You can buy these tools most anywhere, but the bits and things are harder to come by. I buy my stuff from [1] Goto the site and have them send you a catalog, you'll love it. You can also get stuff from [2] and [3]
Generally J&L has the best prices, especially if you buy in bulk, but you almost certainly need the catalog since there are so many items it renders the online catalog useless.
What I use
Rotozip:
Cartridge rolls
- 1/2" x 1" x 1/8"(center hole for mandrel) 120grit straight
- 3/8" x 1" x 1/8" 120grit tapered
- 1/4" x 1 1/2" x 1/8" 120grit straight
- 4" / 6" / 8" x 1/4"shaft 1/8"x1" roll mandrel
Burrs
- 1/2" x 1" tree single cut x 6" long 1/4"shank
- 1/4" x 1/4" ball singe cut x 3" long 1/4" shank
3M star
- 1 1/2" stars on 8" mandrel. I haven't used them yet, but I have them for when I need them.
Walkthrough
Intake Side
This is the head, already decked and cleaned and checked for cracks. This is very important, because there is no point in porting a set of heads only to find out there is a crack in it and you can't use it. Decking the head is a good idea because of the combustion chamber work being done later.

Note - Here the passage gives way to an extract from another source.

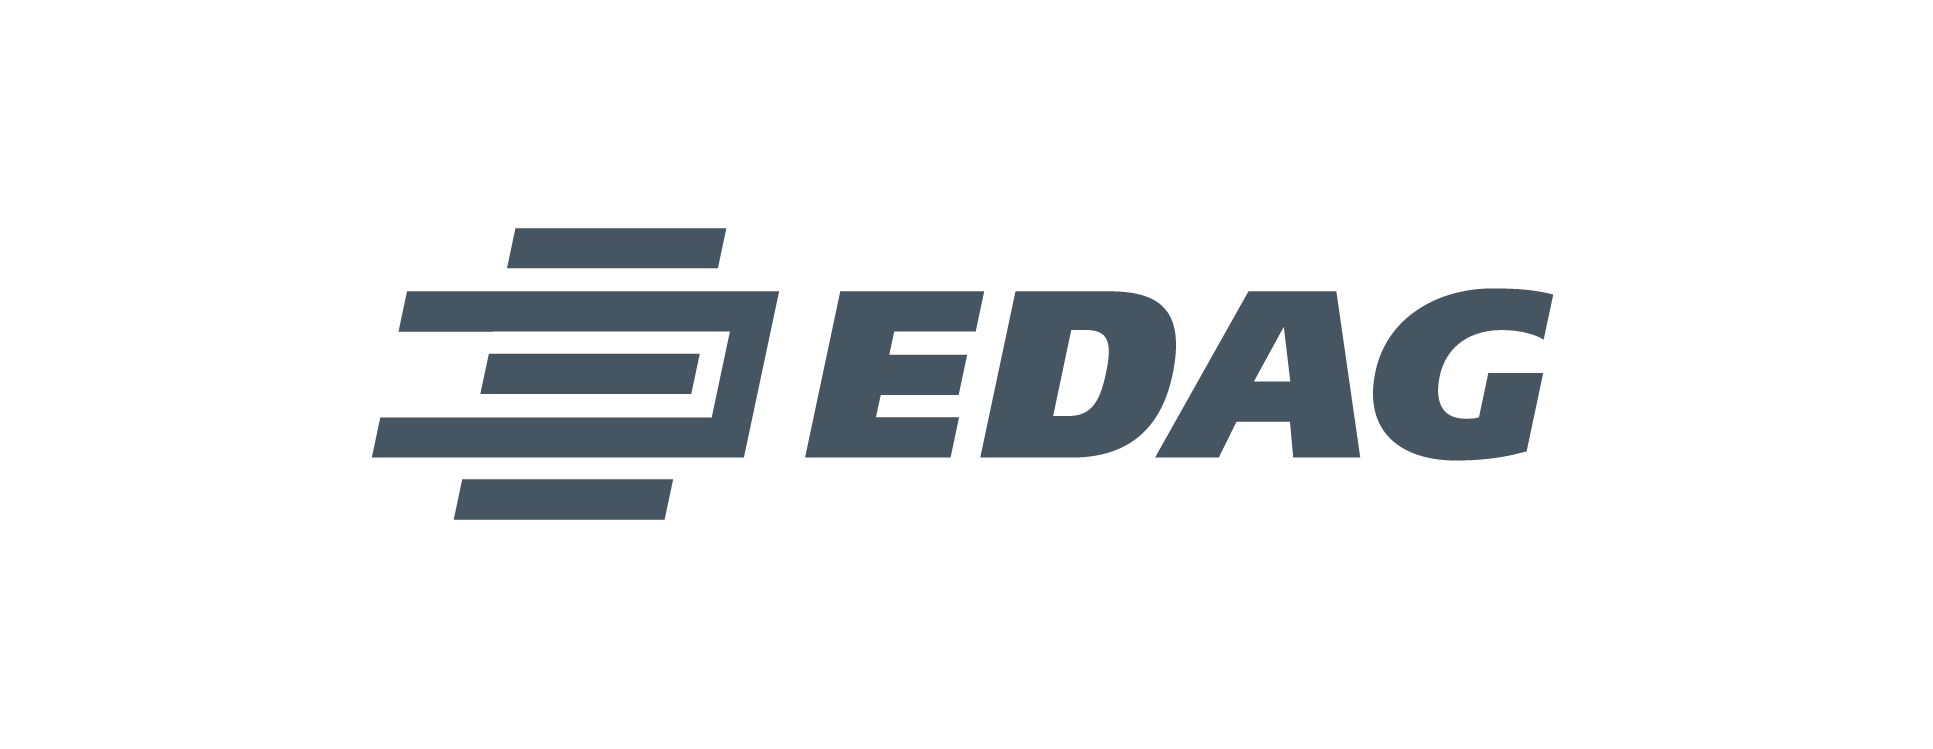 EDAG Engineering Group

You will be happy to know the exhaust side of the head isn't as complex, unless you want to make it that way.
Exhaust Side
The exhaust side of the heads presents a different objective from the intake side. The flow will be coming from the combustion chamber and exiting the port face. You do NOT want to gasket match the exhaust side, because the exhaust pulses will have a tendency to reflect back towards the exhaust valve at certain RPMs (stock manifolds are much worse for this than a good set of equal length headers too). This is called recursion, and the best way to prevent it is to have a smaller exhaust port than the manifold/header.
So let's get on with the walkthrough.
This is the exhaust bowl area stock. You will probably find that some ports are much better matched to the valve seat than others. This particular bowl isn't too bad other than the obvious casting mark.
I will have to try a better picture later of the finished port. I don't want to clean it up and have to do it again later after I do the combustion chambers. I will say that I used the cross buffs to give the wall a nice mirror finish.